Manziel's been hounded by the media for a long time now. It's made him pretty savvy in his dealings with it. He bemoaned signing things in cover stories for "Sports Illustrated" and "ESPN the Magazine" right before news of his autograph scandal broke. Texas A&M kept him away from the press until he had a shot at the Heisman, at which point he spoke up and charmed everyone. It was a similar scene at last year's SEC media days -- recounted here by Spencer Hall -- which happened not long after the Manning Passing Academy incident.
I thought about that during my second encounter with Manziel on Saturday. Detroit Lions tight end Eric Ebron was interviewing his fellow rookies for our production. He found Manziel and Mike Evans sitting in one of the tents along the field. Before Ebron could ask a few jovial, non-threatening questions of the Browns rookie quarterback, we were chased away by one of Manziel's handlers.
We asked why Ebron and the rest of us had to stop taping Manziel and move along.
That's all we got for an explanation.
Shut down! https://t.co/zzyBaC9juI— ryan van bibber (@justRVB) May 31, 2014
Rubbed the wrong way, I'm still pulling for Johnny Manziel to find success in the NFL. The way he plays the game makes him fun to watch, and the NFL desperately needs more fun to break up up the structured monotony that naturally comes with being a multi-billion dollar international entertainment corporation.

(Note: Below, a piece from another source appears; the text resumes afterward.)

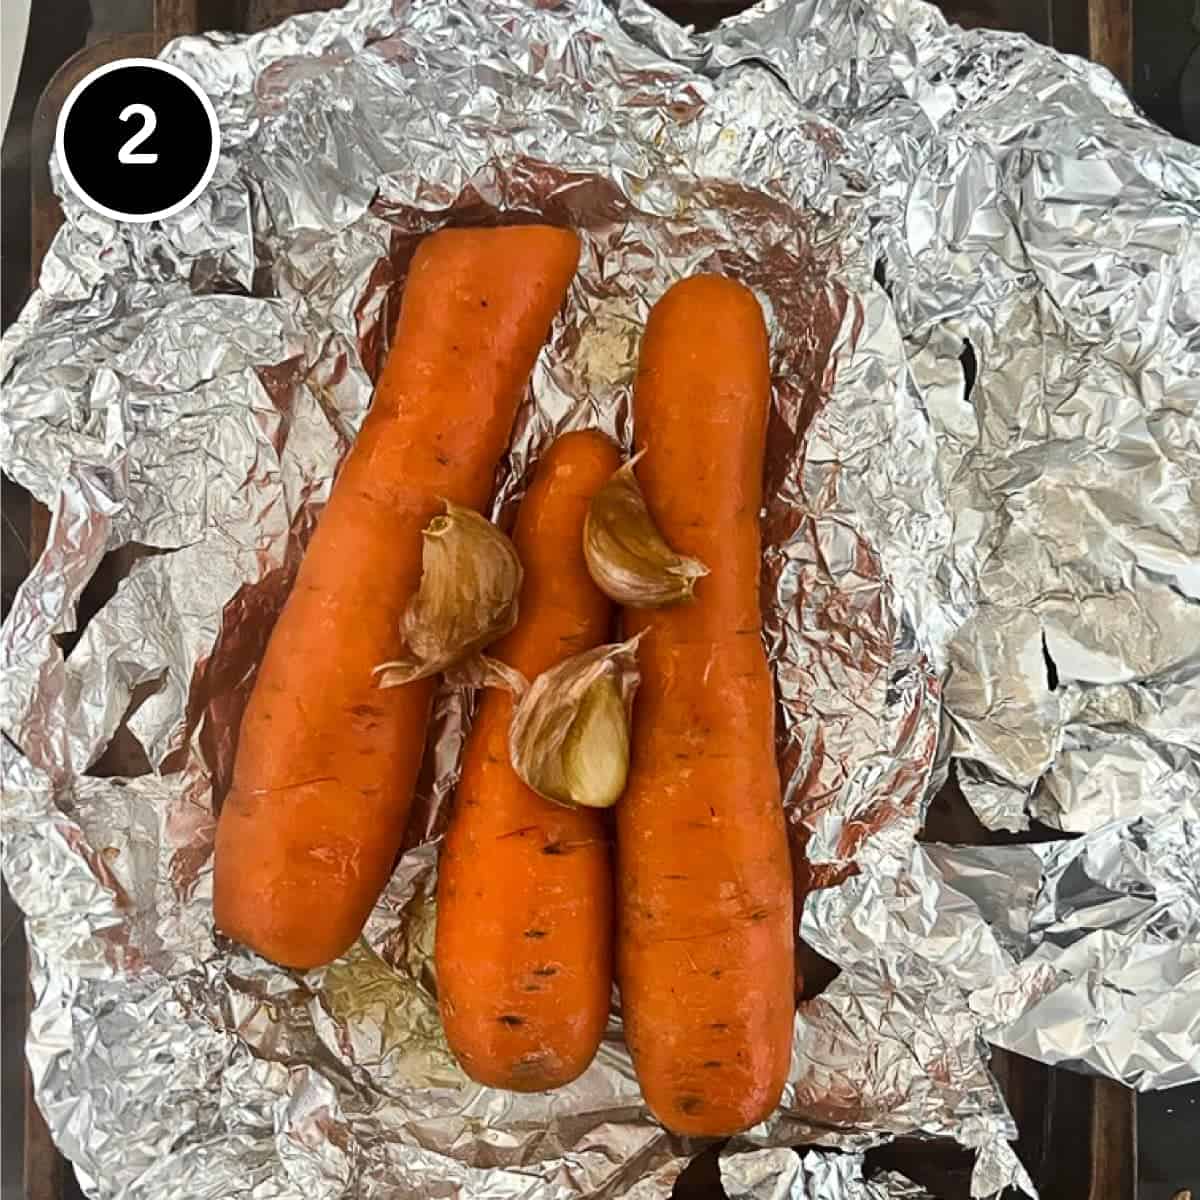 Roasted carrots and garlic in foil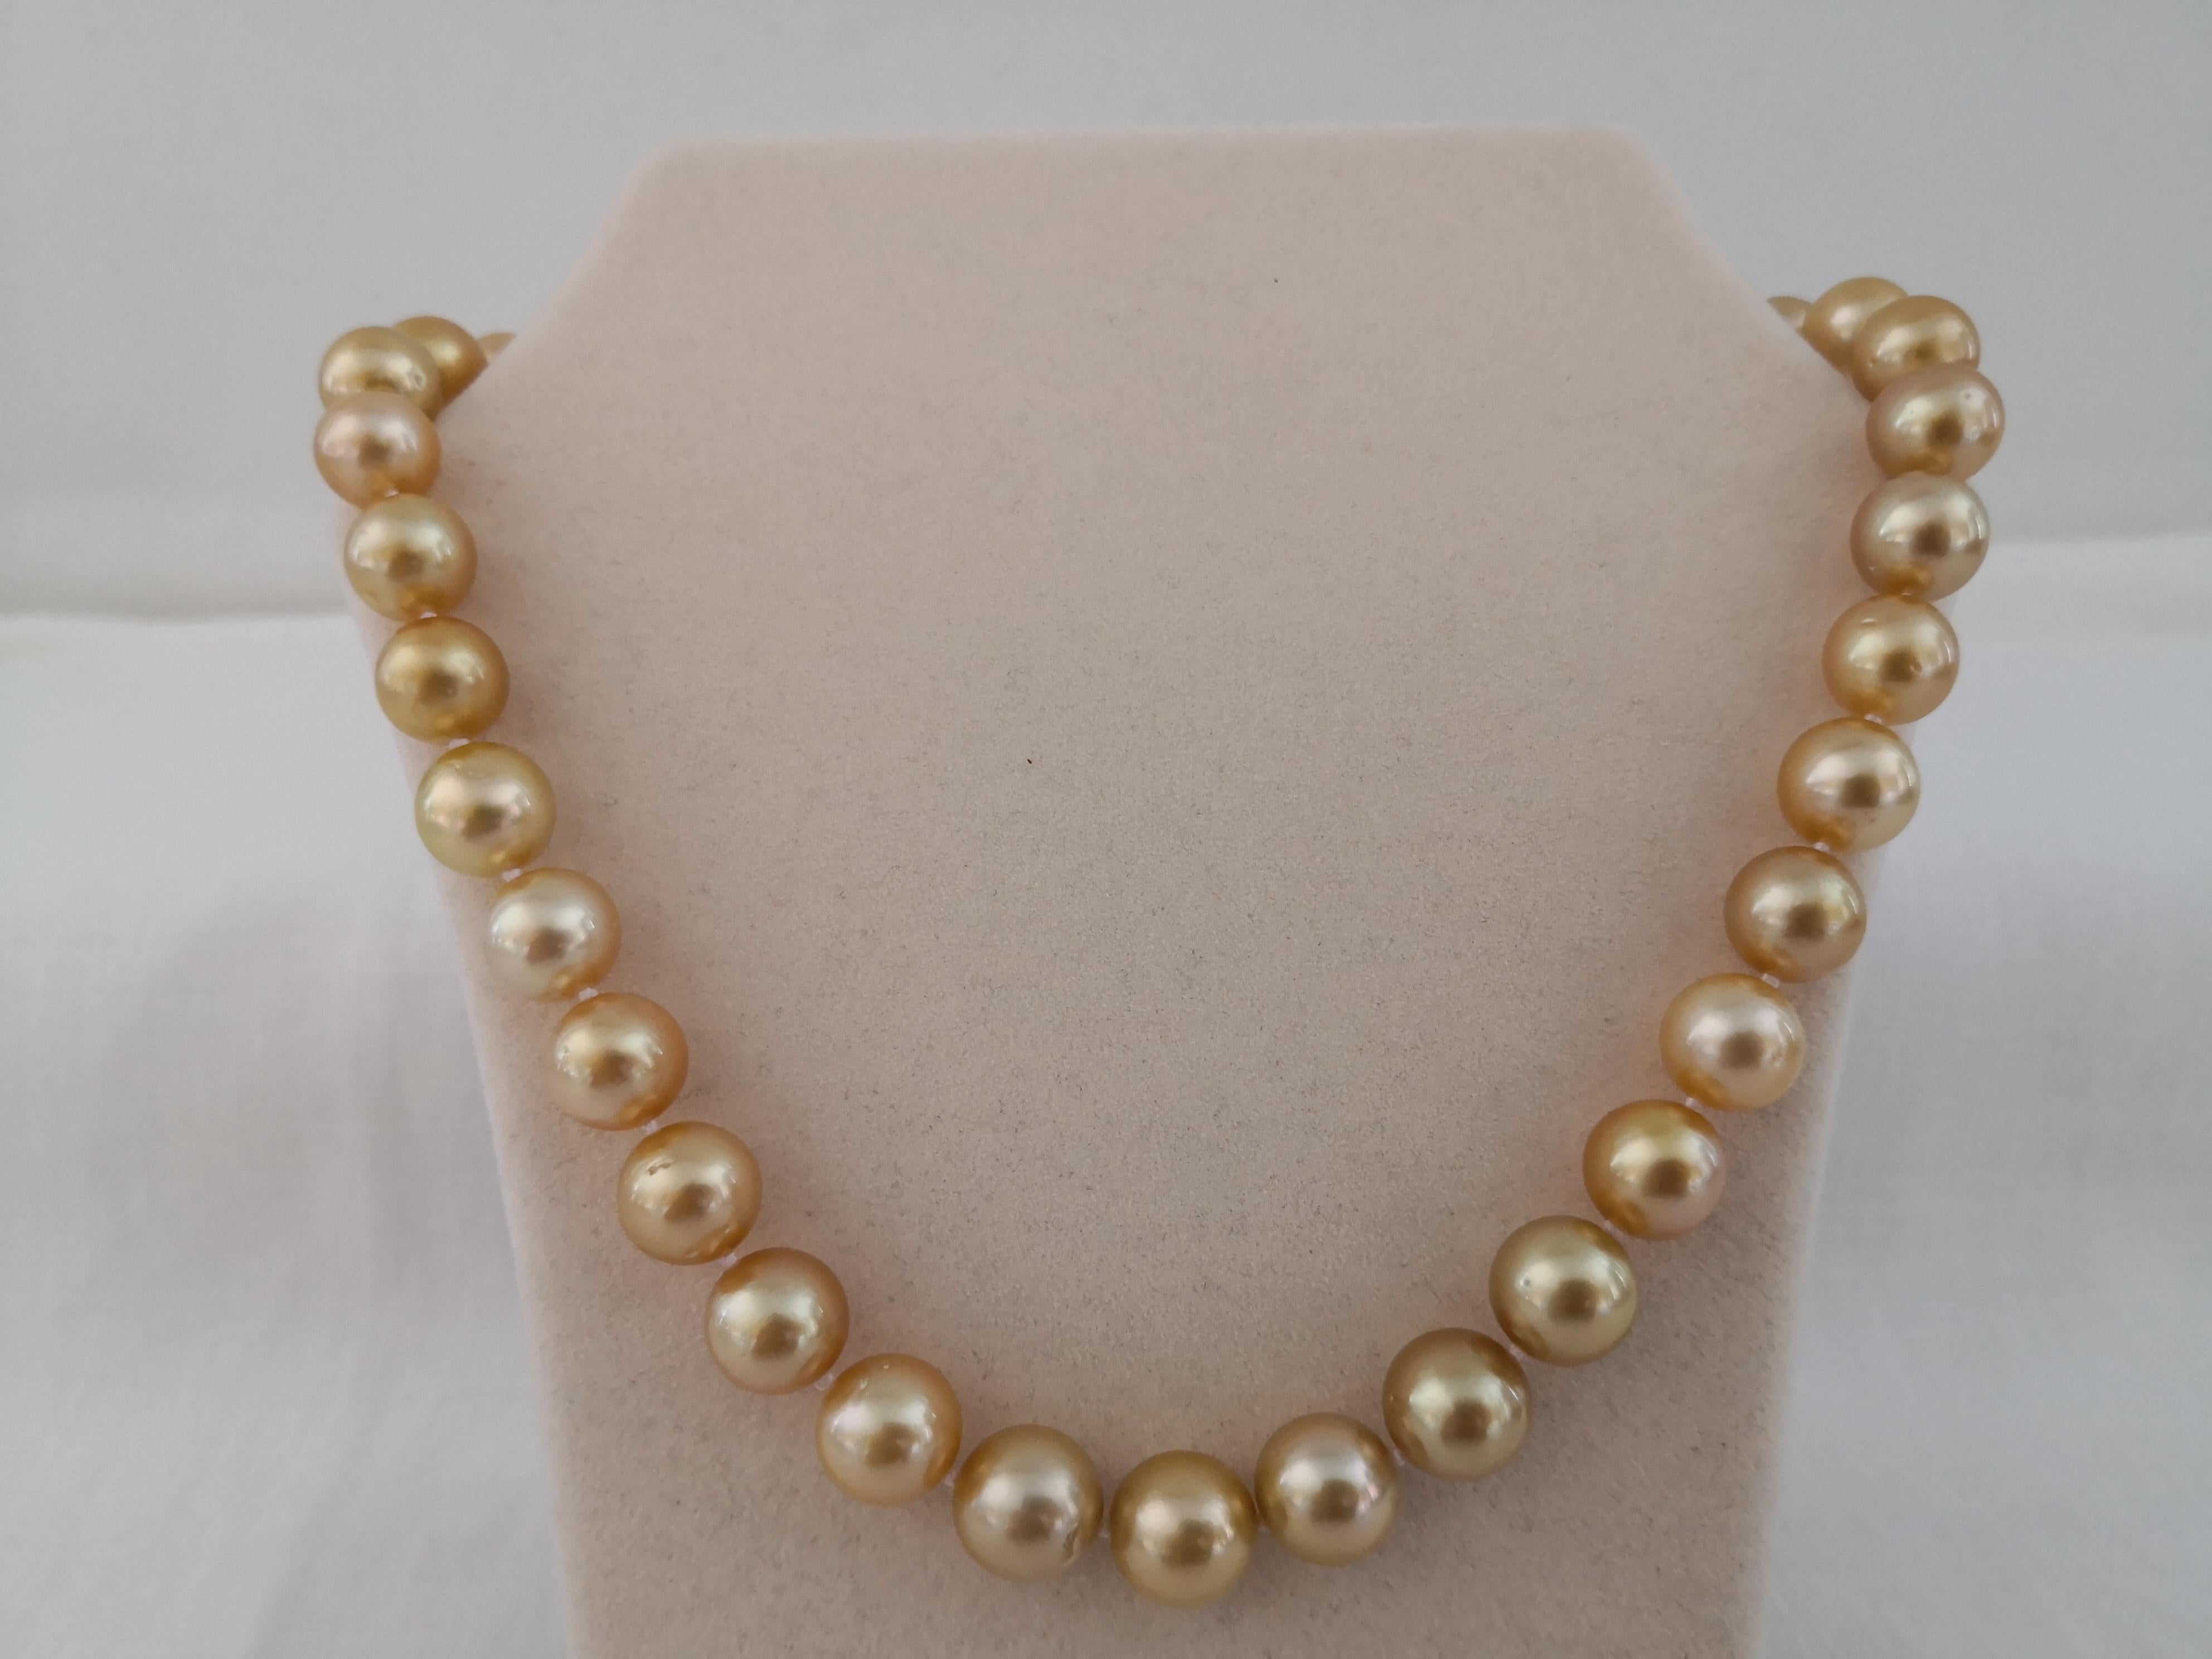 A Natural Color South Sea Pearls, from Indonesia ocean waters. A Deep Golden Color Pearls necklace, This color is rare and unique and is considered the most expensive one among South Sea Pearl. This color is also known as

It would be easy to crank out a sermon about a player who's yet to take a snap in an NFL game closing himself off from the media. But the truth is it would still be bad form for an established star to do the same thing.
Manziel's marketing team (the same outfit that handles LeBron James) does a great job for its client. His brand's going to take a hit if he's so tightly managed that one of his fellow players has to settle for a hand under the table. Hamburger commercials and shoe ads will not change the absurd narrative defining the superstar rookie.